● **Task requirements**:
Reproduce the records below exactly, but only between the lines holding "The Market for" and "Facebook Marketing in", inclusive.
*** Input records ***
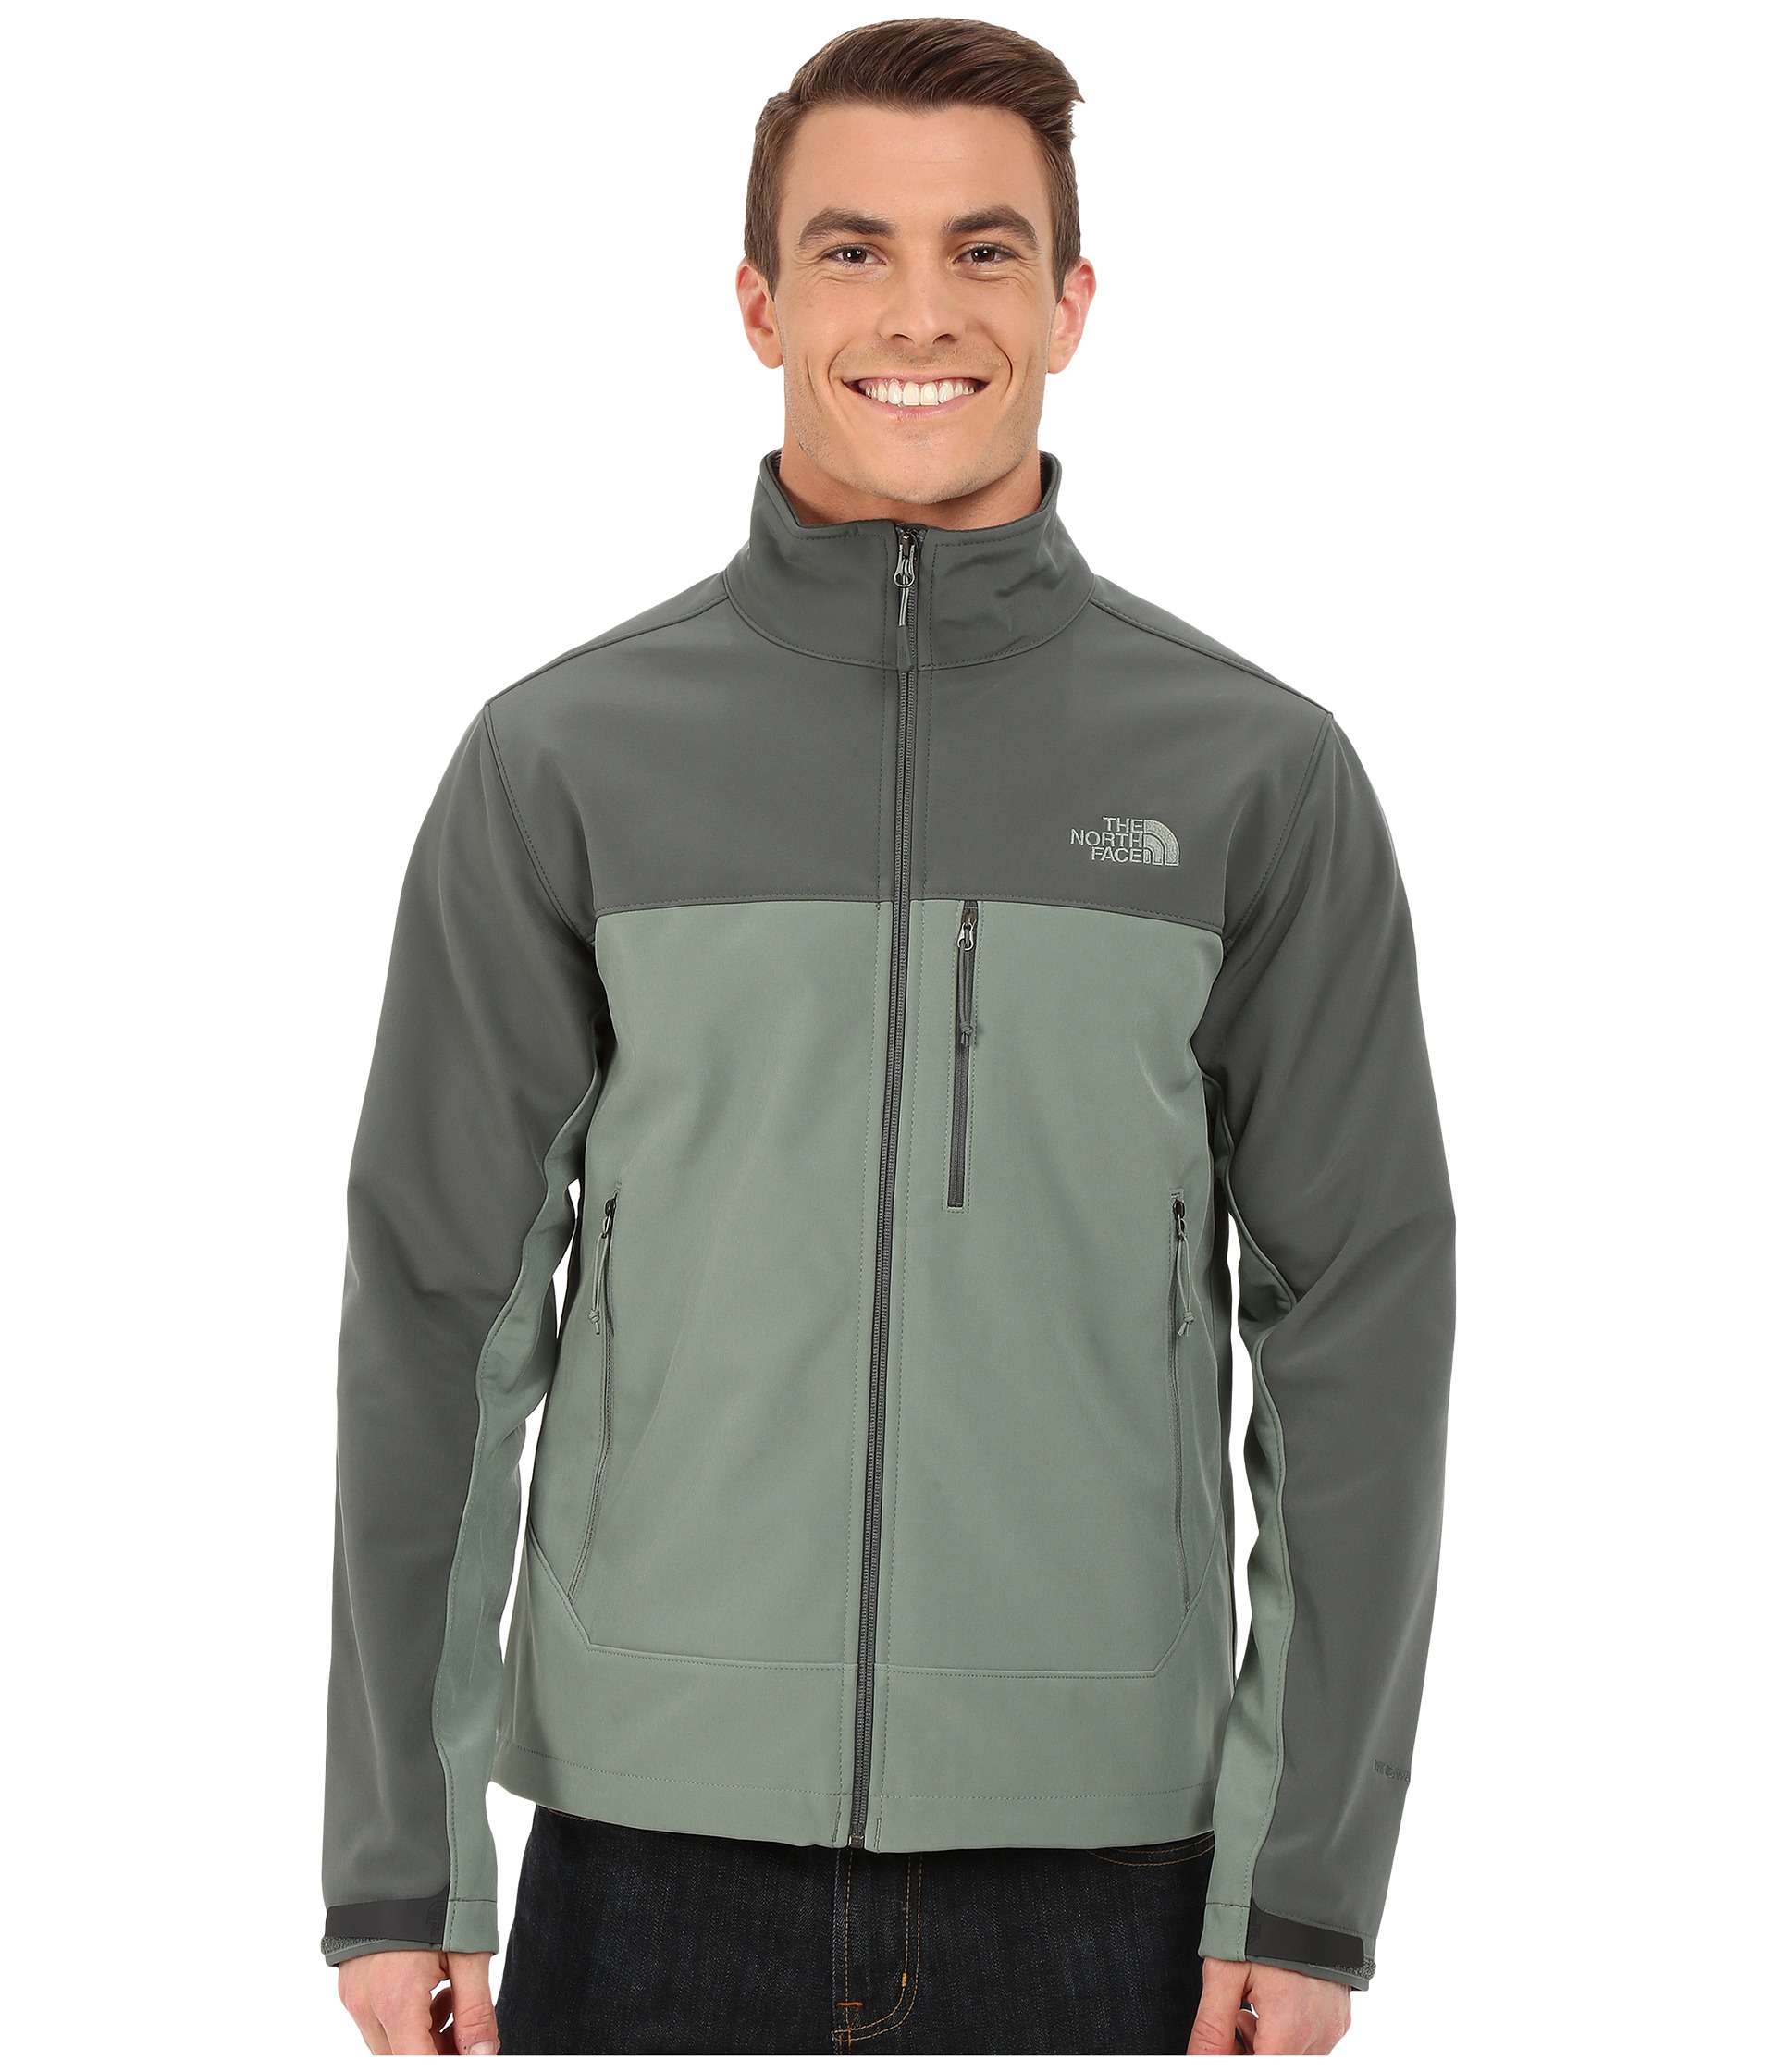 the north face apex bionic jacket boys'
*** End of Input records ***
*** Input records ***
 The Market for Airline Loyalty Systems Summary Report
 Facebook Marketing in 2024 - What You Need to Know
*** End of Input records ***
*** Input records ***
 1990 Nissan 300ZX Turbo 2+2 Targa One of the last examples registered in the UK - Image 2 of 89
*** End of Input records ***
● **Output of the task**:
 The Market for Airline Loyalty Systems Summary Report
 Facebook Marketing in 2024 - What You Need to Know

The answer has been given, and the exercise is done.